# Can I fix highlights myself?



## misstaylor86 (Feb 6, 2009)

Hey everyone -- this is actually my first post, so Hi! 
	

	
	
		
		

		
			





Anyway.. yesterday I went to the hair salon and my regular guy gave me highlights (he said he was going to add a pop of color to my look, and I thought that meant shine or something) anyway, I ended up liking it at the salon, and now I hate it.. can I call him and tell him that I don't like it? And that I just want him to put my regular color over the highlights? I have never had a bad experience at a salon before so I don't exactly know whats poor etiquette.

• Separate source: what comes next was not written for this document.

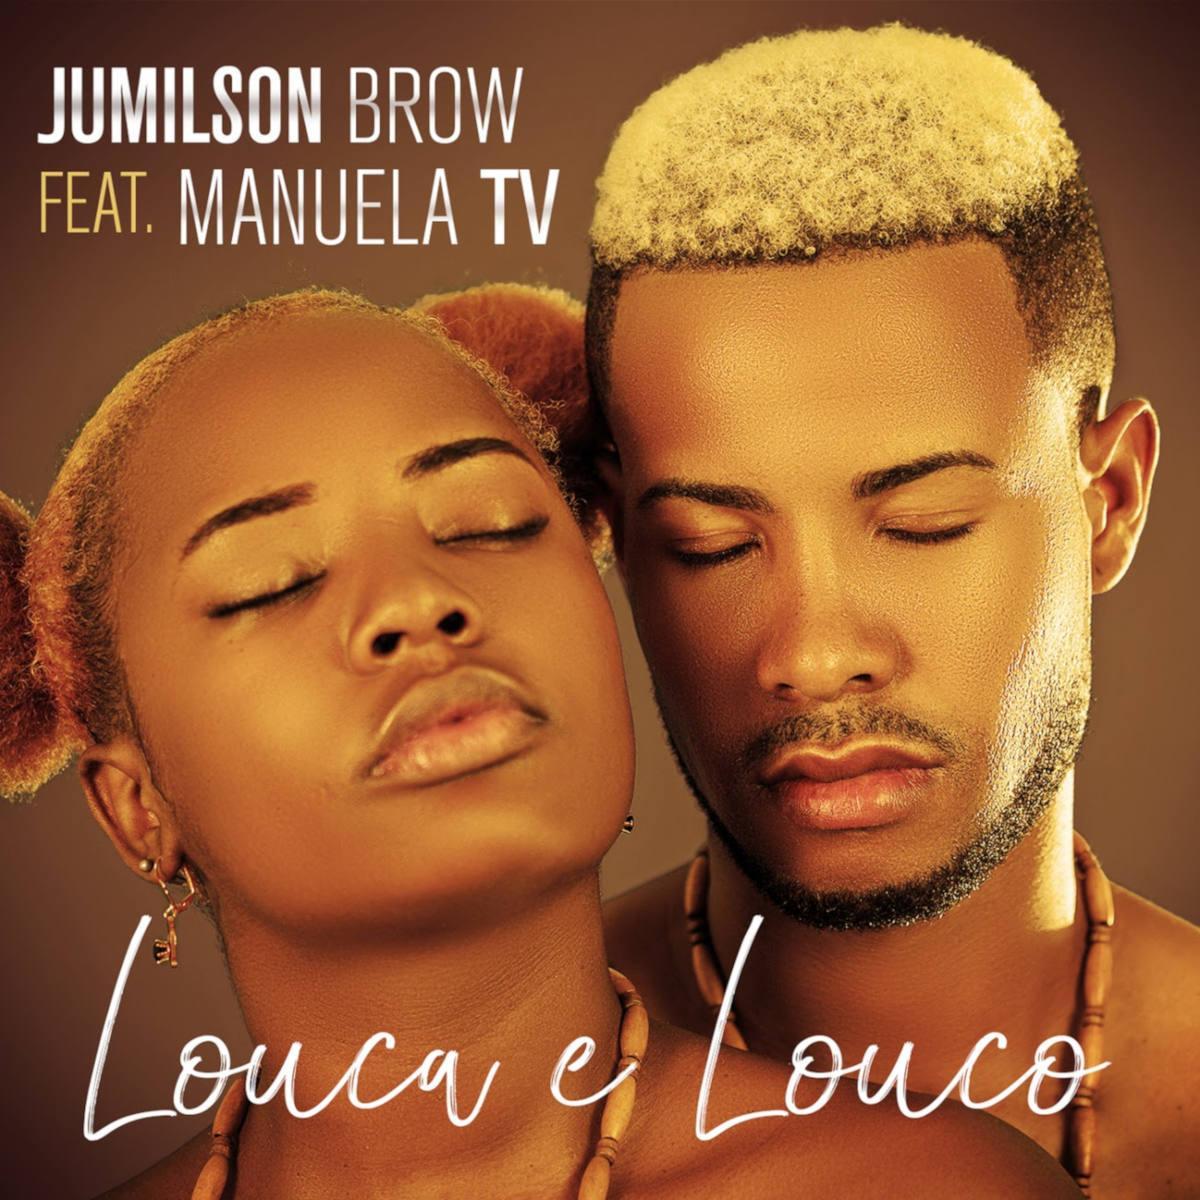 Jumilson Brow ft Manuela TV - Louca e Louco

Do you think it would just be easier for me to fix it myself then go through the hassle?  They are really subtle blond highlights (there is like 6 on my whole head) -- I think I could just put dark brown hair dye over them and fix the problem myself -- has anyone ever done this?

Thanks,
Taylor


----------



## bebeflamand (Feb 6, 2009)

If I were you I'd go back to the salon.  Eventhough they're subtle highlights, he did bleach your hair.  Getting the colour even yourself is quite tricky imho and might maybe damage your hair.


----------



## RoseyPosey (Feb 6, 2009)

DONT TRY TO DO IT YOURSELF!! go back to your salon. tell him you dont care for it and would prefer he fix it. He shouldnt have a probelm fixing it, and it will turn out much better if he fixes it then you try to yourself.


----------



## Skin*Deep (Feb 6, 2009)

even if you dye over them it will still be lighter than the rest, and you will have a heck of a time if you try to get the dye on just the highlights. If thats the first time your hair has seen bleach, and its subtle, I really doubt you could damage your hair with a little dye, but you should let him fix it...you paid him.....and if you are worried about poor etiquette or being rude, think about going back to your "regular guy" in a month for a trim and explaining where the highlights went? haha better just fess up and say you don't love it, he shouldn't mind at all, he wants to keep your business!


----------



## xsnowwhite (Feb 6, 2009)

I dye over old highlights regularly, I would go back and have him fix it. It is such a bitch to keep up with and they continue to fade. Ever since like last march Im still dying over my highlights w/ semi perm. color


----------



## Jessica0984 (Feb 11, 2009)

I would just call him and politely tell him that you don't like it anymore. He should cover them up. Most likely it will still be lighter than the rest of your hair but it should blend better.


----------